COVID-19 Vaccine Effective in Patients with Lung Cancer Results from a French study published in the Journal of Thoracic Oncology

COVID-19 Vaccine Effective in Patients with Lung Cancer Results from a French study published in the Journal of Thoracic Oncology

Press Release
Nov 16, 2021

Chris Martin, IASLC Media Relations | [email protected]

DENVER—November 16, 2021—Although the COVID-19 vaccines have been proven safe and effective in the general population, little is known about whether patients with lung cancer would develop a protective anti-spike antibody response because these patients were excluded from most COVID-19 vaccine trials.  Previous studies demonstrated that patients with lung cancer suffered a 30% mortality rate from COVID-19 significantly higher than the general population.

In a new study published today in the Journal of Thoracic Oncology, researchers from France showed that SARS-CoV2 vaccines are safe and effective in patients with thoracic cancer, most of whom are immunized after two doses.

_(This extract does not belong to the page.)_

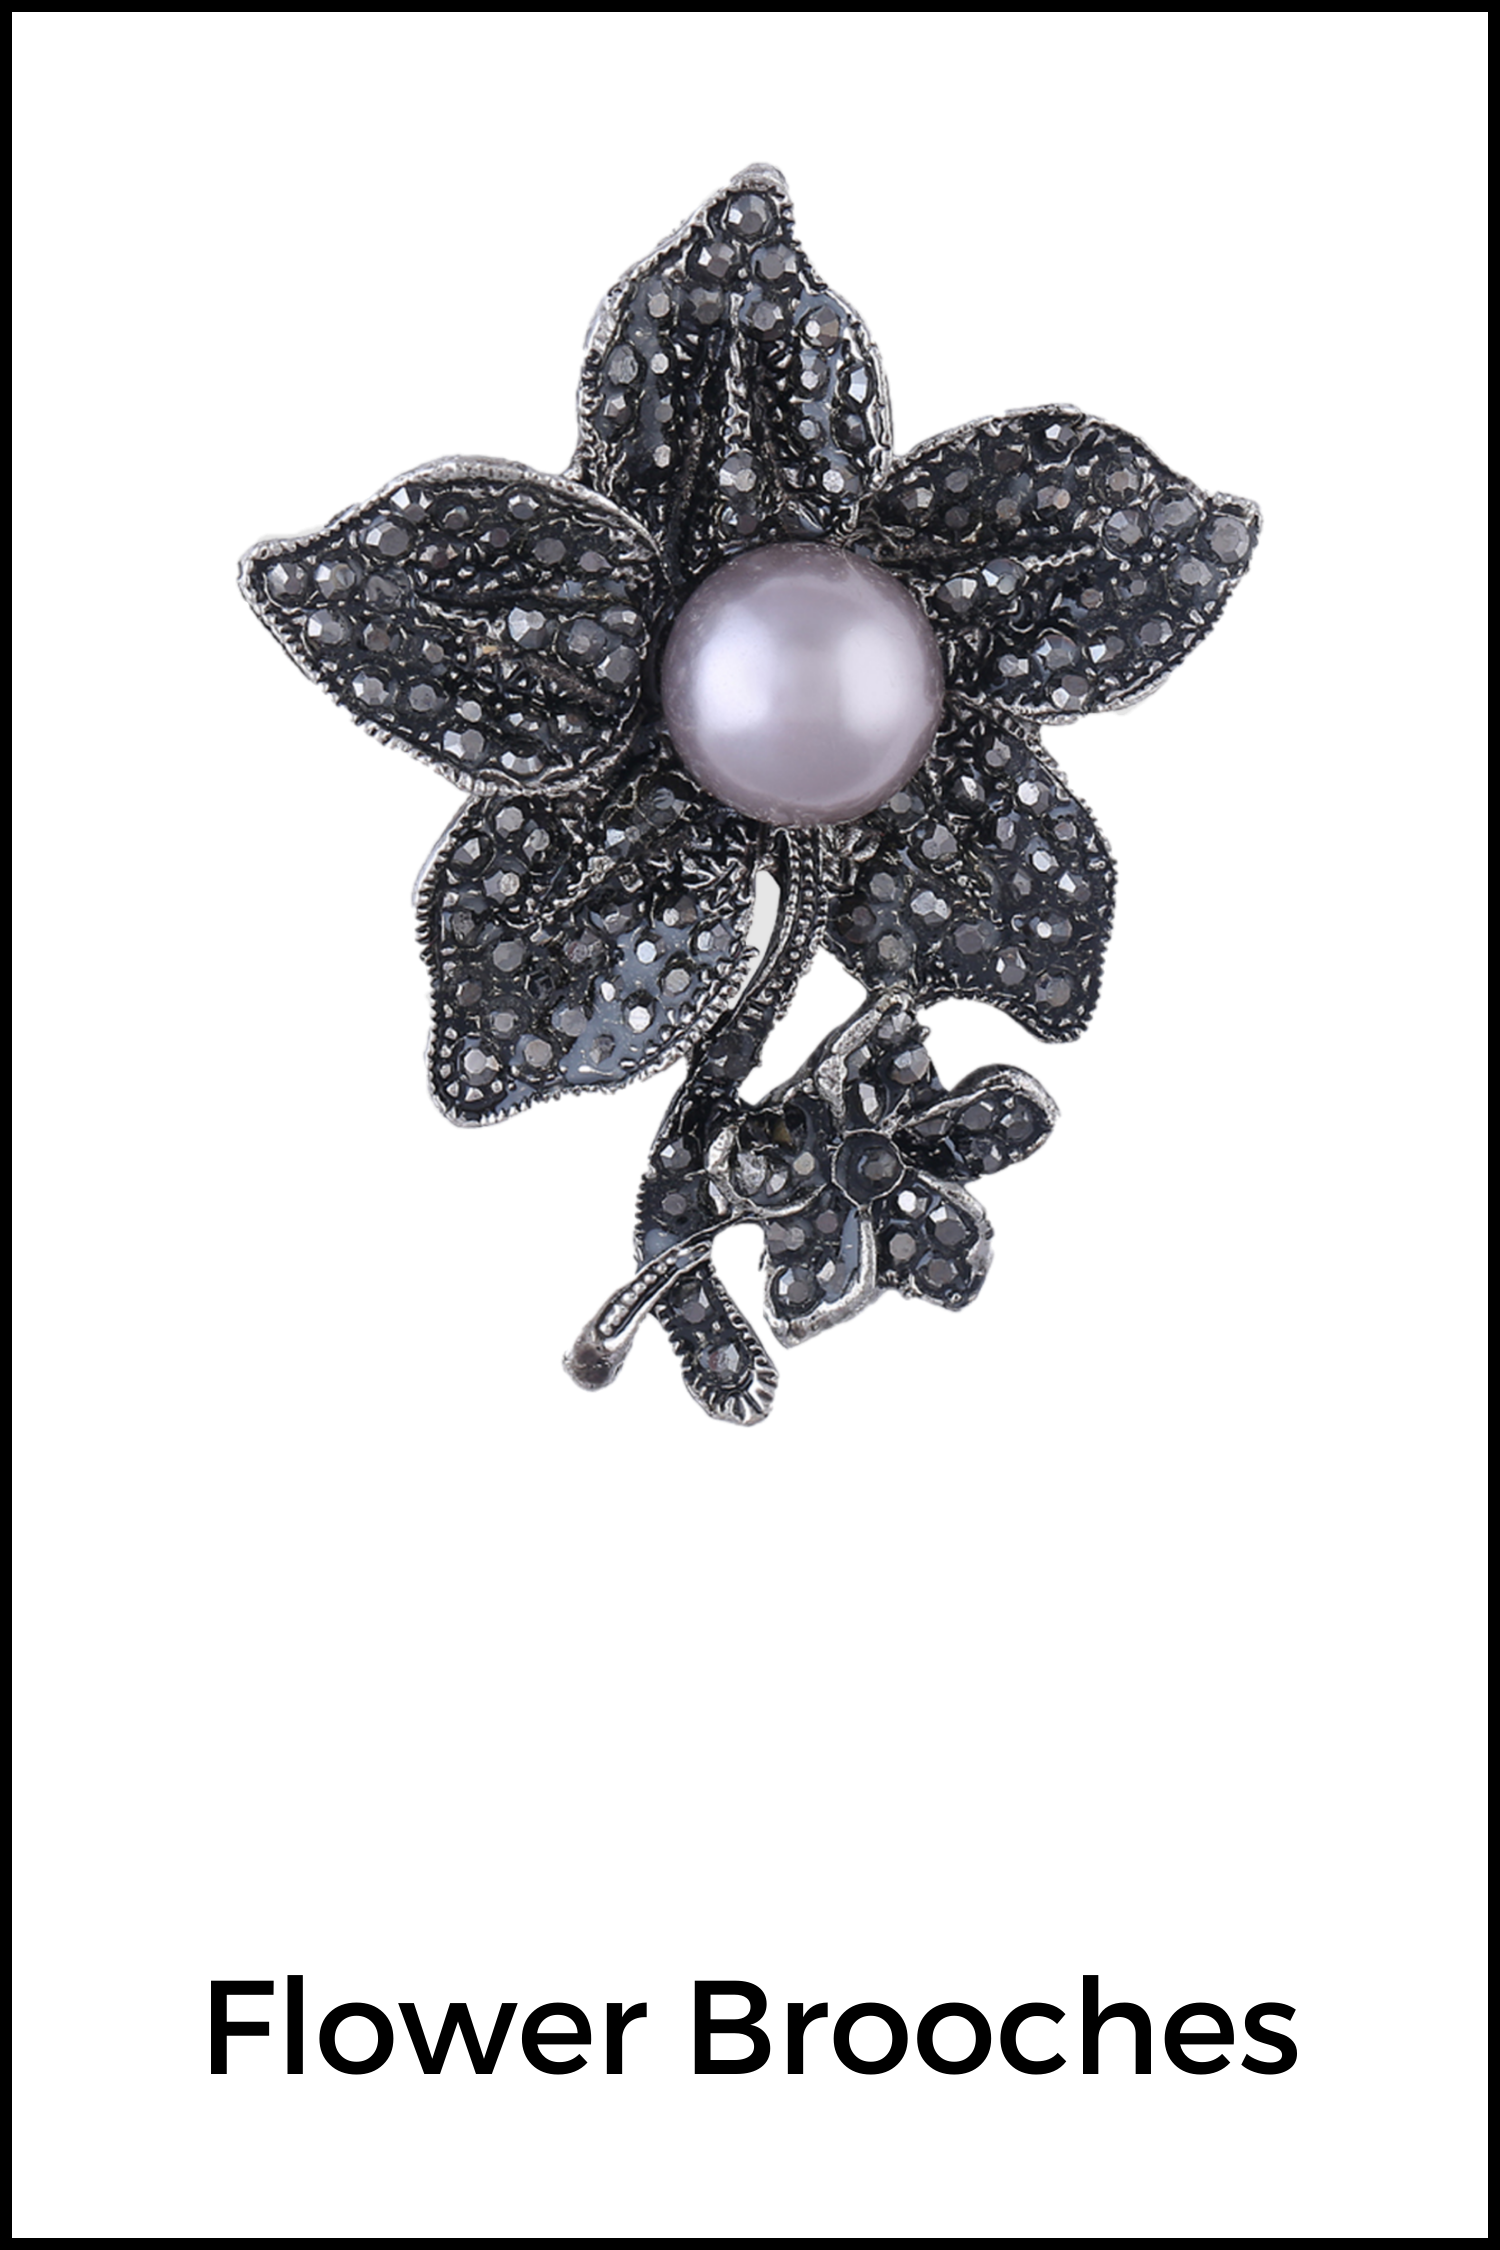 Top Quality Beautiful Flower Brooches Pins For Female Plum Blossom Brooch  Women 2018 Fashion Wedding Corsage Flowers Wholesale From Yj1188, $16.83

A third shot given to 11% of patients with persistent low antibody titers resulted in an 88% immunization rate. The study was conducted by Valérie Gounant, MD and Gérard Zalcman, MD, PhD, from the University Hospital Bichat-Claude Bernard in Paris.  

The researchers enrolled 306 patients with lung cancer, with a median age of 67.0 years. Of these, 283 patients received two vaccine doses at 28-day intervals. SARS-CoV2-spike antibodies were measured using Abbot ARCHITECT SARS-CoV-2 IgG immunoassay, prior to first injection of the mRNA vaccine, as well as after the fourth week, and two-to-16 weeks after second vaccine dose.

After 6.7-month median follow-up, only eight patients (2.6%) contracted proven symptomatic SARS-CoV-2 infection, with rapid favorable evolution. Of 269 serological results available beyond

Day 14 post-second vaccine dose, 17 (6.3%) were still negative, while 34 (11 %) were < 300 AU/mL (12.5th percentile)—the threshold from which a perfect correlation was found between anti-S antibodies and neutralizing antibodies—using a pseudo-neutralization assay.

In multivariate analysis, only age, chemotherapy as last systemic treatment within 3 months, and chronic corticosteroid treatment were significantly associated with a lack of immunization. Thirty patients received a third vaccine dose, with only three patients showing persistent negative serology thereafter, whereas the others demonstrated clear seroconversion.

No anaphylaxis reaction occurred among the 306 patients, with 587 vaccine doses administered. Safety data were available for 278 patients (90.1%), without significant safety concerns.

“Although, this report involves, to the best our knowledge, the largest series of patients [with thoracic cancer] receiving anti-SARS-CoV-2 mRNA vaccines that has been published to date, the sample size of the different patient subsets remains limited,” the authors write.

About the IASLC
The International Association for the Study of Lung Cancer (IASLC) is the only global organization dedicated solely to the study of lung cancer and other thoracic malignancies. Founded in 1974, the association's membership includes more than 7,500 lung cancer specialists across all disciplines in over 100 countries, forming a global network working together to conquer lung and thoracic cancers worldwide. The association also publishes the Journal of Thoracic Oncology, the primary educational and informational publication for topics relevant to the prevention, detection, diagnosis and treatment of all thoracic malignancies. Visit www.iaslc.org for more information.

About the JTO
Journal of Thoracic Oncology (JTO), the official journal of the International Association for the Study of Lung Cancer, is the primary educational and informational publication for topics relevant to the prevention, detection, diagnosis, and treatment of all thoracic malignancies. JTO emphasizes a multidisciplinary approach and includes original research reviews and opinion pieces. The audience includes epidemiologists, medical oncologists, radiation oncologists, thoracic surgeons, pulmonologists, radiologists, pathologists, nuclear medicine physicians, and research scientists with a special interest in thoracic oncology.